June 15, 2010

Basics: Oven-Fried Chicken Fingers

Another installment of our (very) occasional series on basics, staple recipes every cook should have in their arsenal.

It's been a while since my last McNugget or dino-shaped "Now with more cardboard!"finger food. Atlanta's favorite chikin eating cows reign supreme, delivering us from bland, dry chicken bricks but unfortunately causing a heated nuggets vs. strips debate. Today, I prove that we can leave all that mess behind and shake n' bake our way to healthy, scrumptious fingers of chicken. Because the only dinosaur-shaped food I plan on eating is genetically reconstituted pterodactyl.

These succulent and healthy fingers comes from a cookbook entirely devoted to chicken, which also just happens to SMELL like chicken. In a good way.

This recipe is the only reason we have a box of corn flakes. It's been going strong for over two years.
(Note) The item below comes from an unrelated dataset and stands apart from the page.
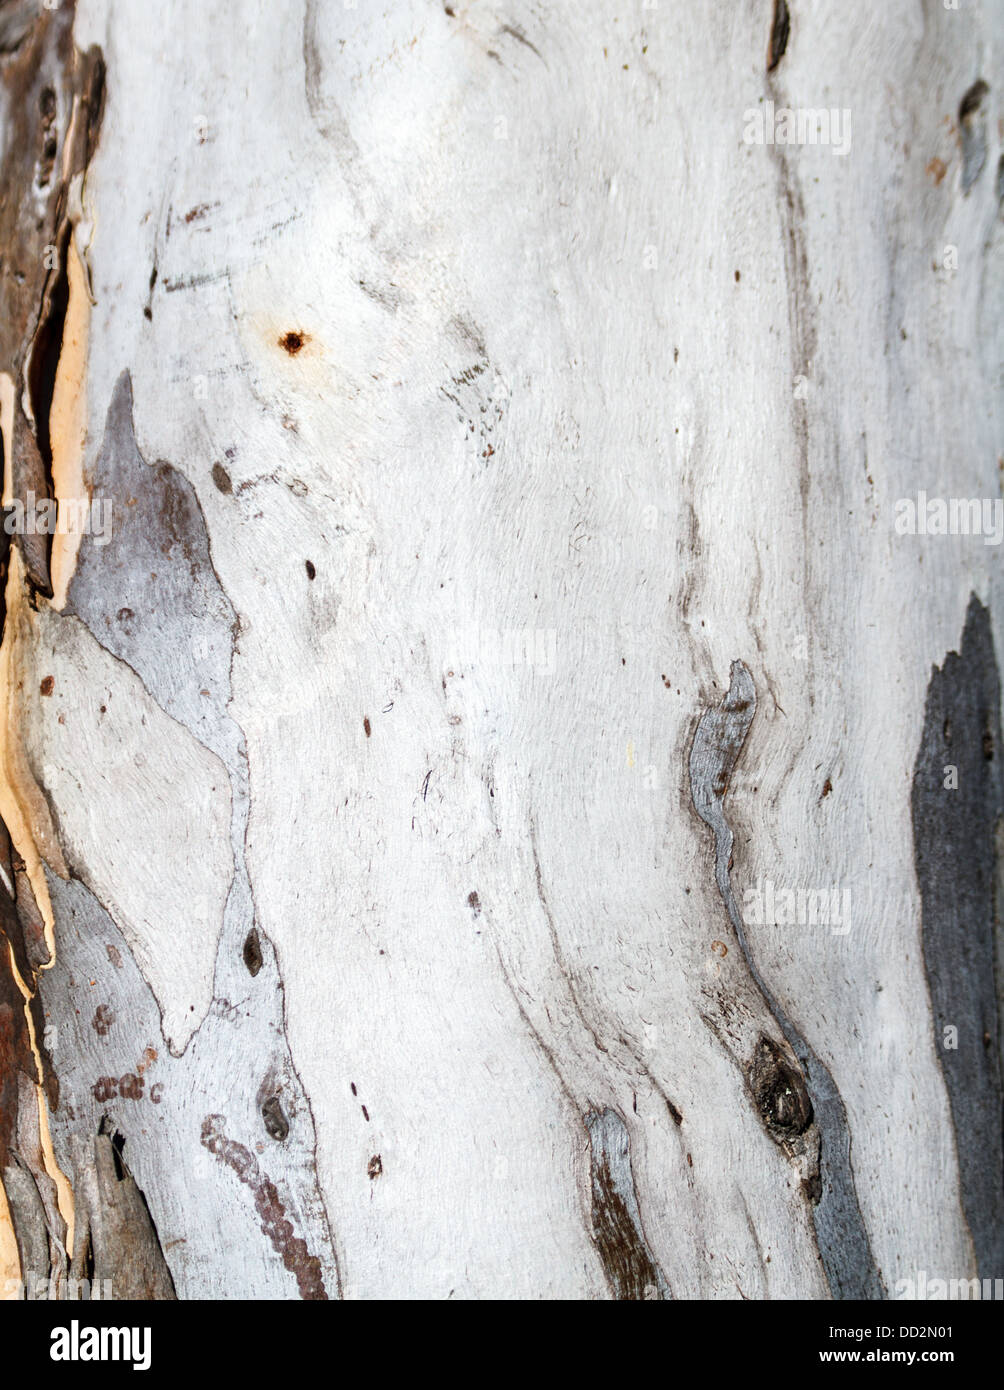 Pale white eucalyptus bark of an Australian Paperbark Eucalyptus Tree making an interesting textured background. Stock Photo

BONUS: They travel quite well, and are known for making frequent picnic and Screen on the Green appearances.

Oven-Fried Chicken Fingers
Adapted from Cooking Light Chicken

1 1/2 pounds boneless chicken breast, sliced into finger
1 cup milk (optional: low-fat buttermilk)
1 1/2 cups corn flakes
1/2 cup seasoned breadcrumbs
1 teaspoon dried thyme
1 teaspoon paprika
pepper
1 tablespoon canola oil

1. Pour milk over chicken pieces in a bowl. Cover and chill for at least 10 minutes. In big zip-top plastic bag, crush corn flakes. Add bread crumbs, thyme, paprika and a few grinds of fresh black pepper.

2. Preheat oven to 400°. Spread oil evenly on a jelly roll pan.
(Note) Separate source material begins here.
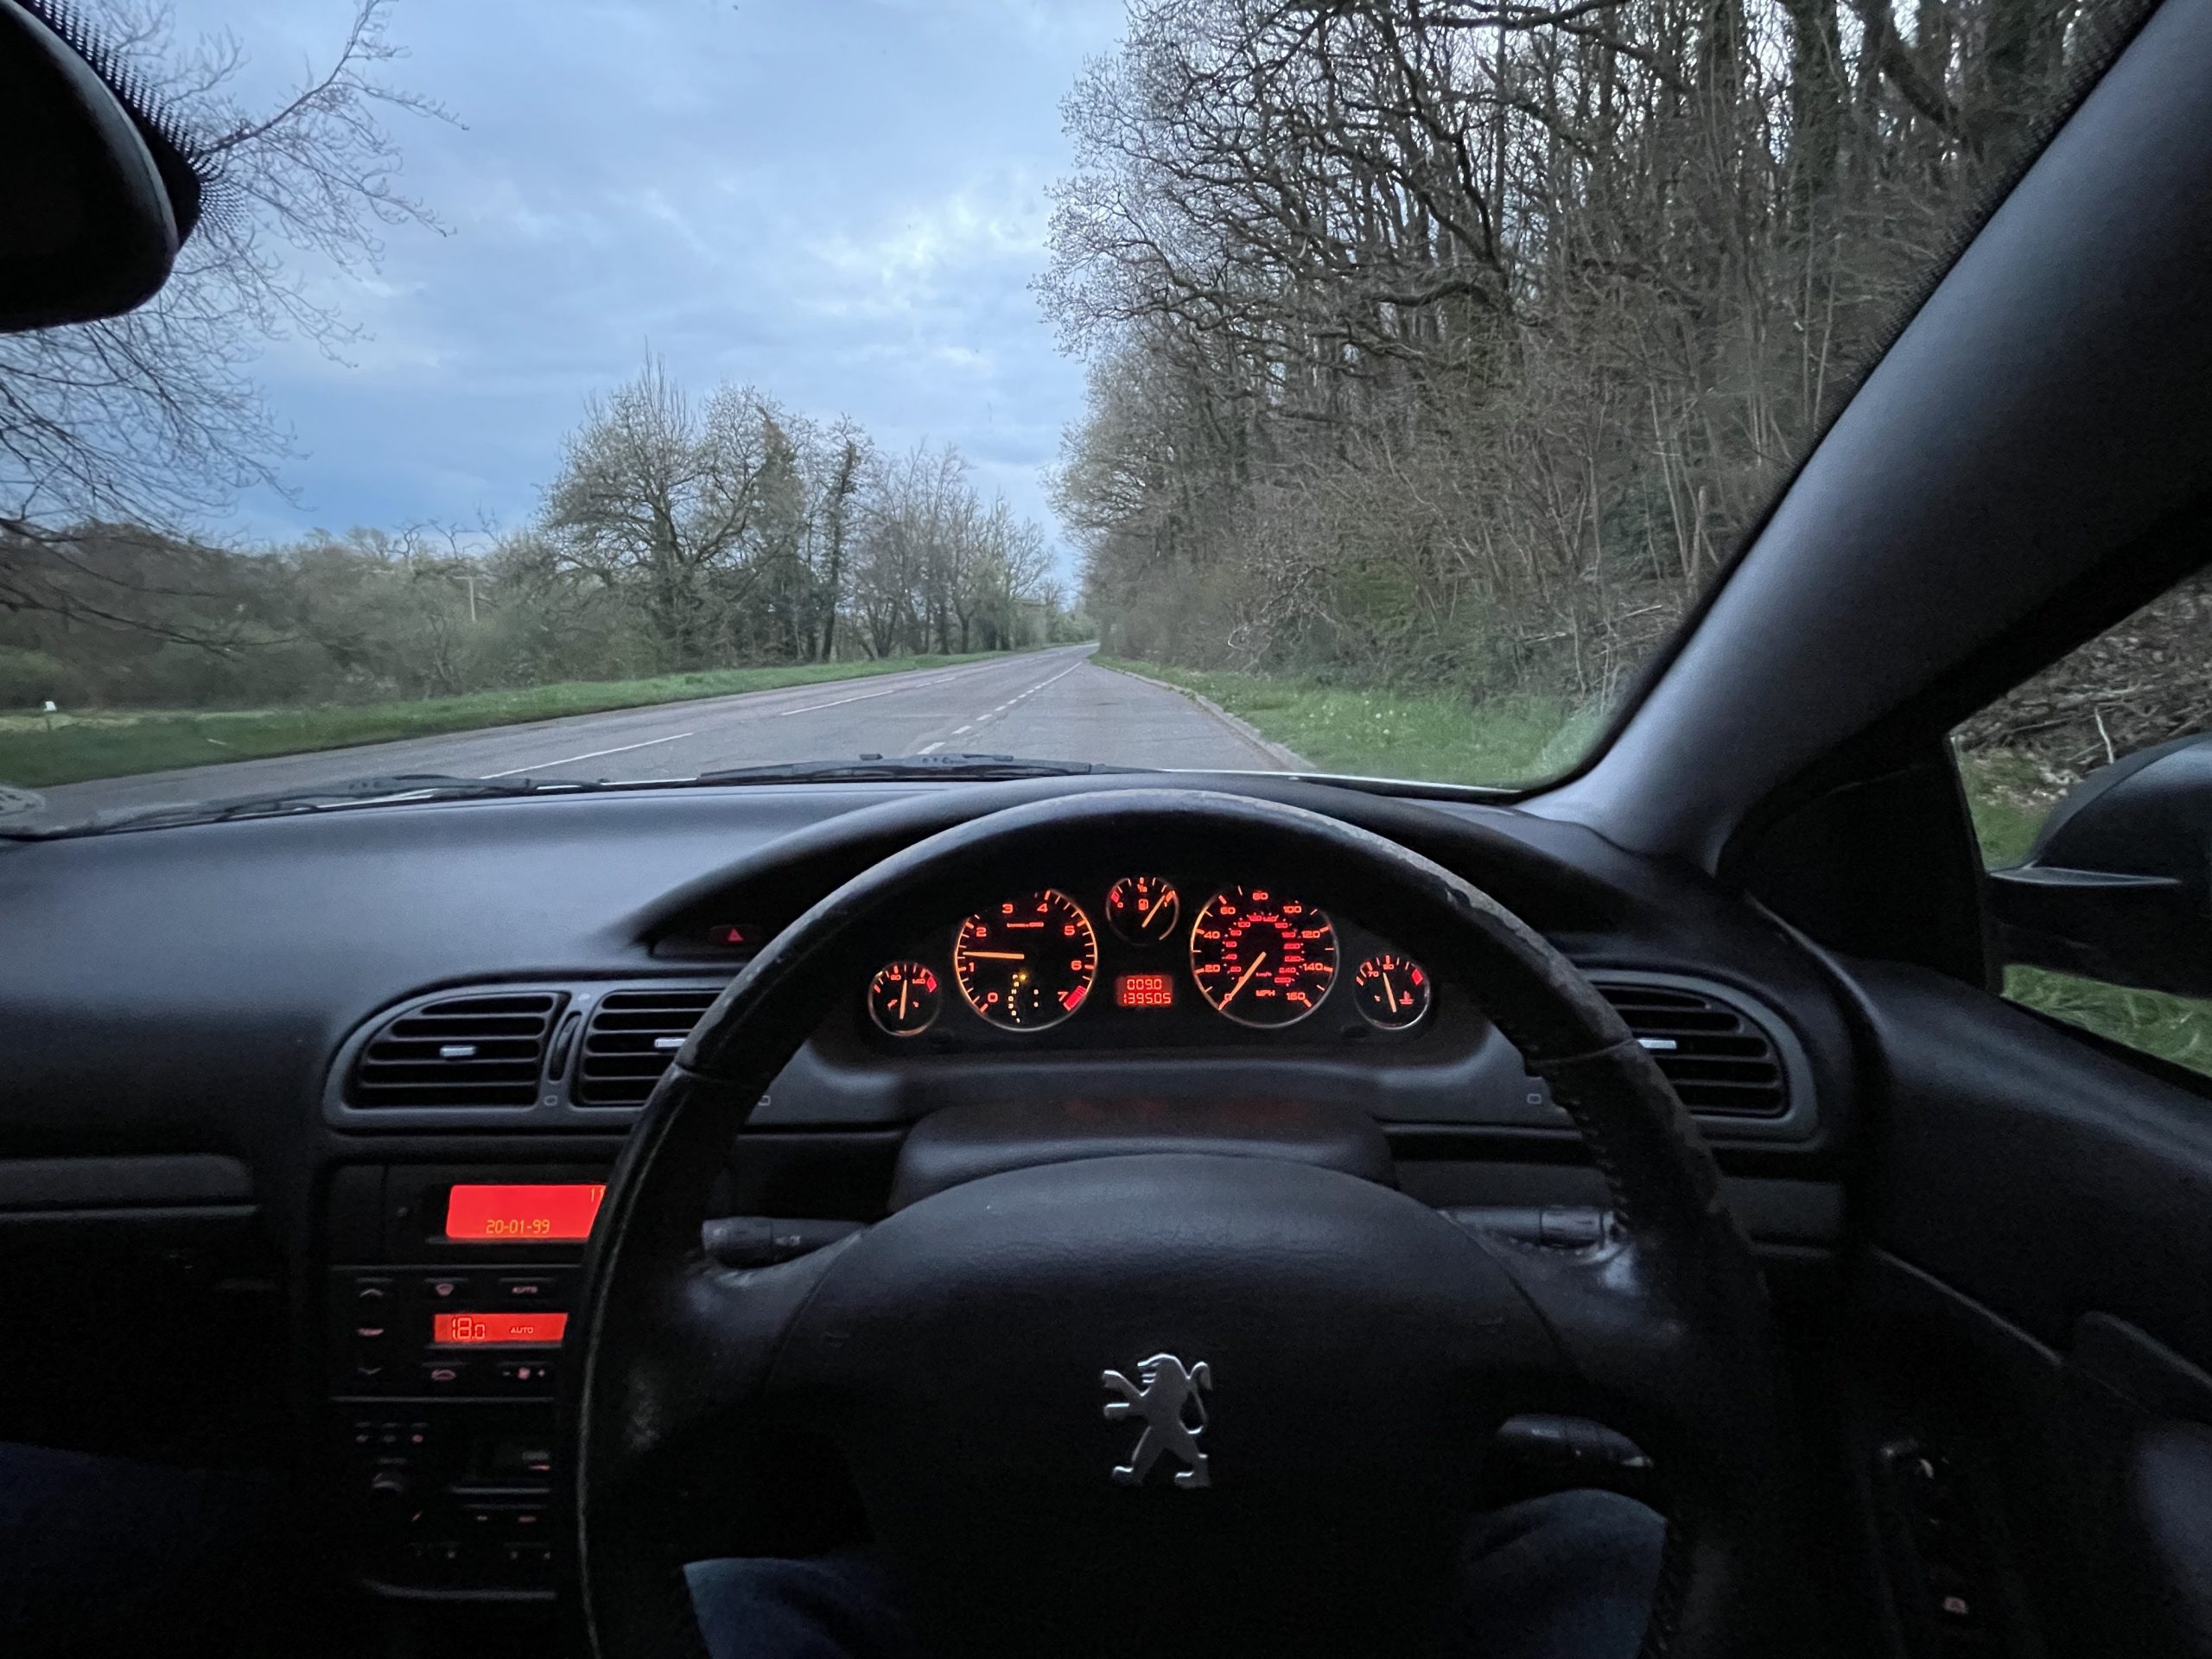 Peugeot 406 Coupe interior

3. Drain the milk from the chicken. Pop three or four pieces in the coating bag and shake to coat. Repeat with remaining chicken, arranging fingers on the pan in a single layer as you go.
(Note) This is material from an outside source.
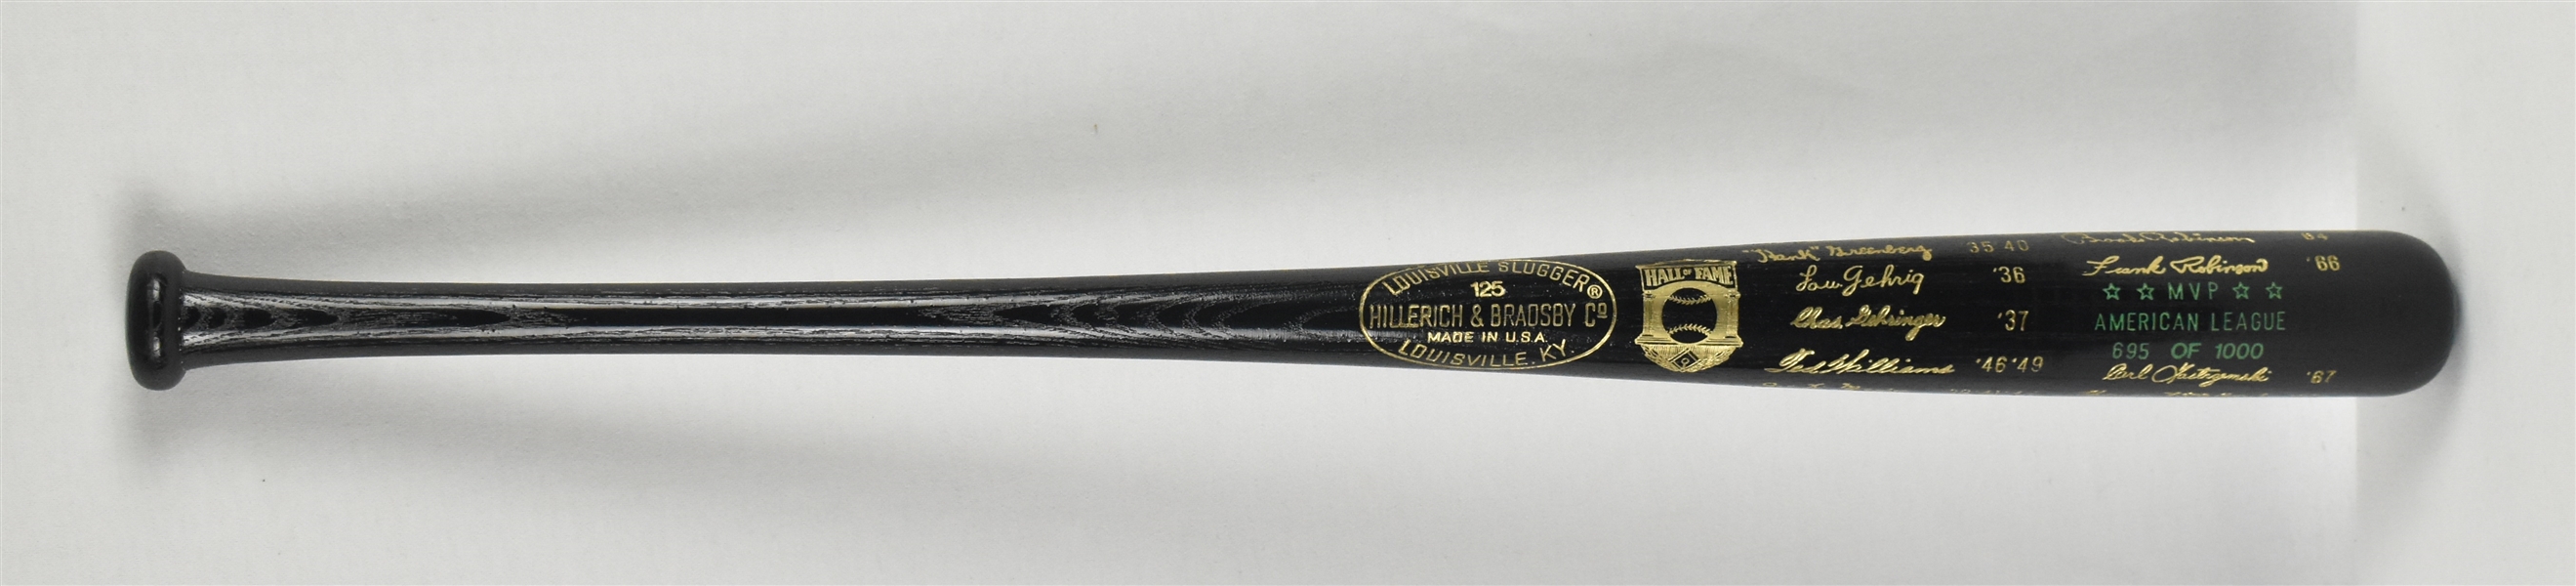 American League MVP Limited Edition Bat

4. Bake fingers for five minutes, then turn and bake five minutes on the other side. Serve with simple honey mustard. Lick fingers clean.


Honey Mustard

Honey
Mustard [whole grain, spicy brown or variety of your choice]

1. Mix

3 comments:

Claire Watkins, ASID allied said...

A variation of this recipe has become a staple for me! I use it with pork chops, too. Great photography! and uhm that strawberry, chocolate thing down there...that is going to be my new staple.

DawleyPardon said...

Yummy this looks great! I like your blog. I will definitely come again!

Rachel @ MWF Seeking BFF said...

These sound glorious. I often make a fiber-one coated version, but any weight-watcher friendly chicken finger I can find has my vote!

Though, for the record, no book to smell like chicken In. A. Good. Way. Just not possible. But still, sounds delish.